A very common visualization operation is to extract isosurfaces from a volume using the contour filter. The Contour filter usually outputs geometry much smaller than its input. Thus, the Contour filter should be applied early if it is to be used at all. Be careful when setting up the parameters to the Contour filter because it still is possible for it to generate a lot of data. This obviously can happen if you specify many isosurface values. High frequencies such as noise around an isosurface value can also cause a large, irregular surface to form.

Another way to peer inside of a volume is to perform a Slice on it. The Slice filter will intersect a volume with a plane and allow you to see the data in the volume where the plane intersects. If you know the relative location of an interesting feature in your large data set, slicing is a good way to view it.

If you have little a-priori knowledge of your data and would like to explore the data without paying the memory and processing time for the full data set, you can use the Extract Subset filter to subsample the data. The subsampled data can be dramatically smaller than the original data and should still be well load balanced. Of course, be aware that you may miss small features if the subsampling steps over them and that once you find a feature you should go back and visualize it with the full data set.

There are also several features that can pull out a subset of a volume: Clip, Threshold, Extract Selection, and Extract Subset can all extract cells based on some criterion. Be aware, however, that the extracted cells are almost never well balanced; expect some processes to have no cells removed. Also, all of these filters with the exception of Extract Subset will convert structured data types to unstructured grids. Therefore, they should not be used unless the extracted cells are of at least an order of magnitude less than the source data.

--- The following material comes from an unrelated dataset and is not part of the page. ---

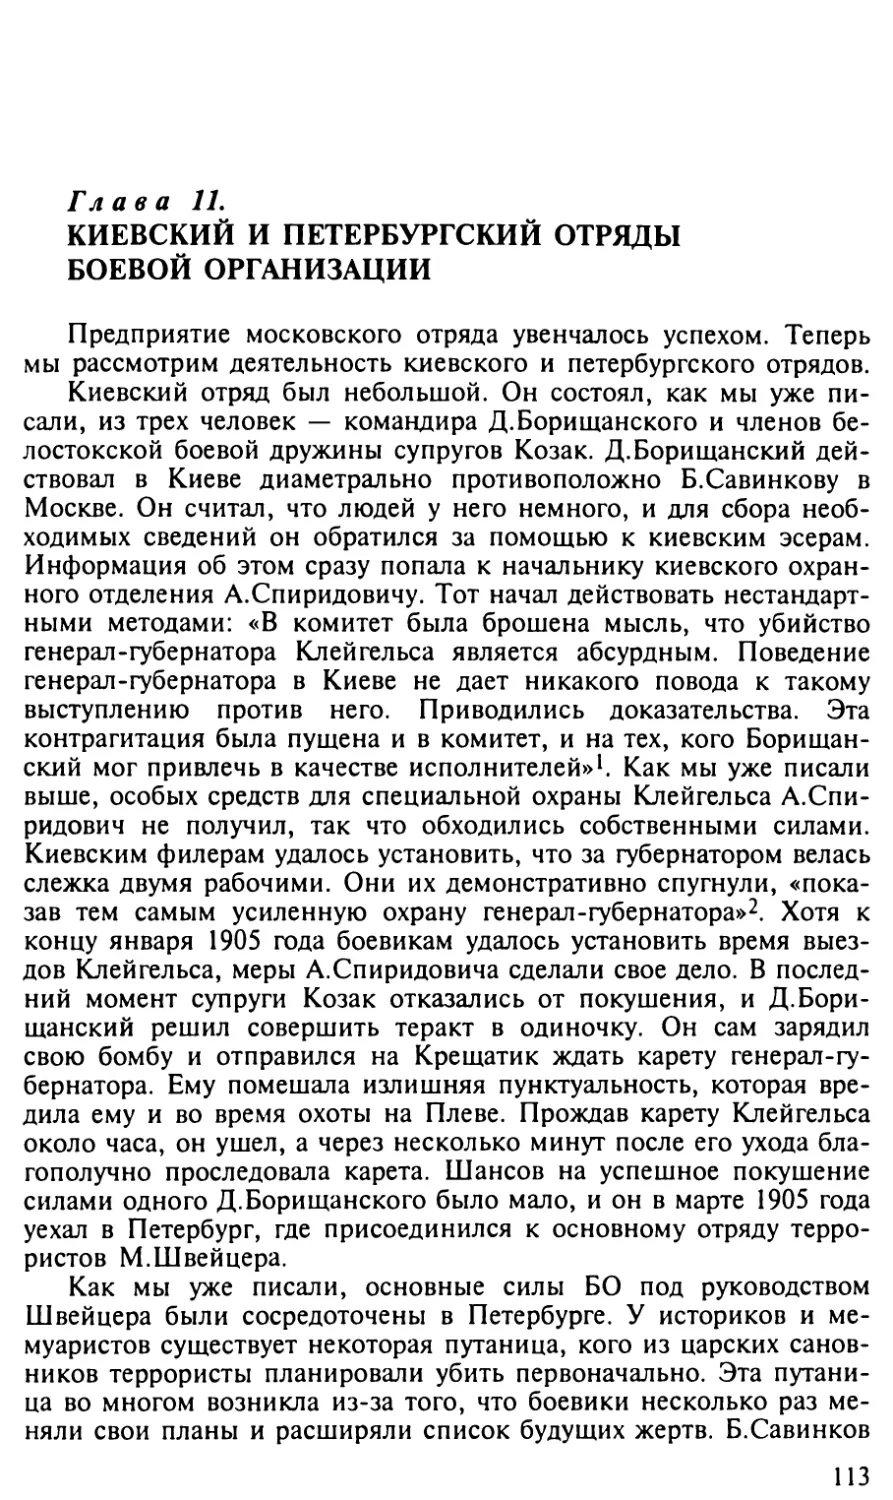 Глава 11. Киевский и петербургский отряды боевой организации
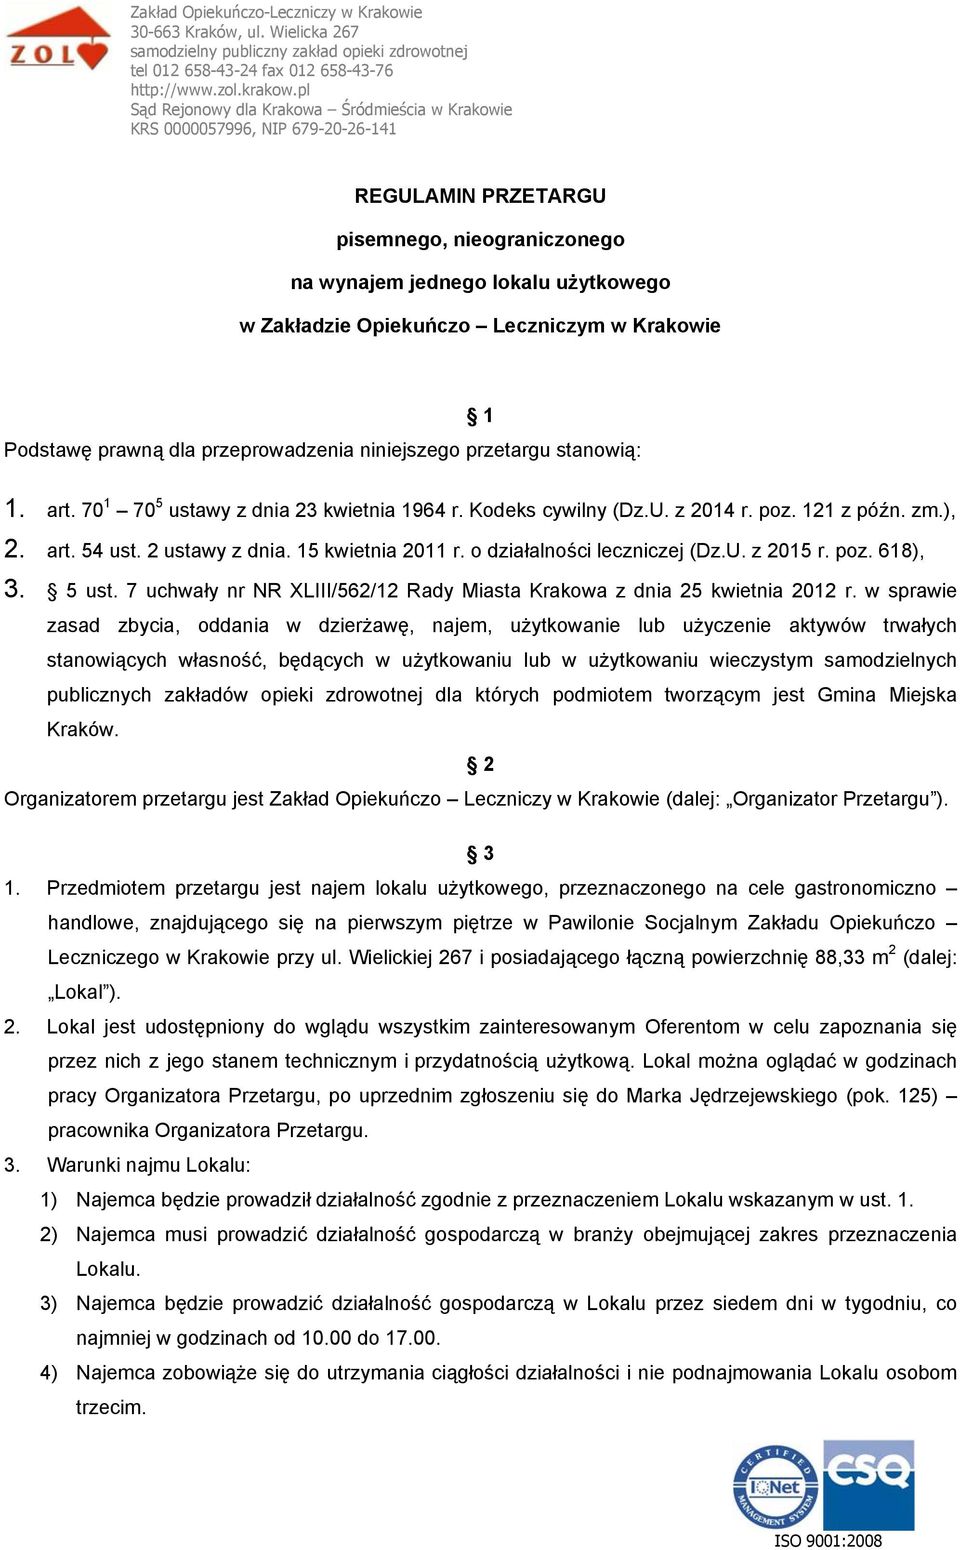 poz. 618), 3. 5 ust. 7 uchwały nr NR XLIII/562/12 Rady Miasta Krakowa z dnia 25 kwietnia 2012 r.

When possible, replace the use of a filter that extracts 3D data with one that will extract 2D surfaces. For example, if you are interested in a plane through the data, use the Slice filter rather than the Clip filter. If you are interested in knowing the location of a region of cells containing a particular range of values, consider using the Contour filter to generate surfaces at the ends of the range rather than extract all of the cells with the Threshold filter. Be aware that substituting filters can have an effect on downstream filters. For example, running the Histogram filter after Threshold will have an entirely different effect then running it after the roughly equivalent Contour filter.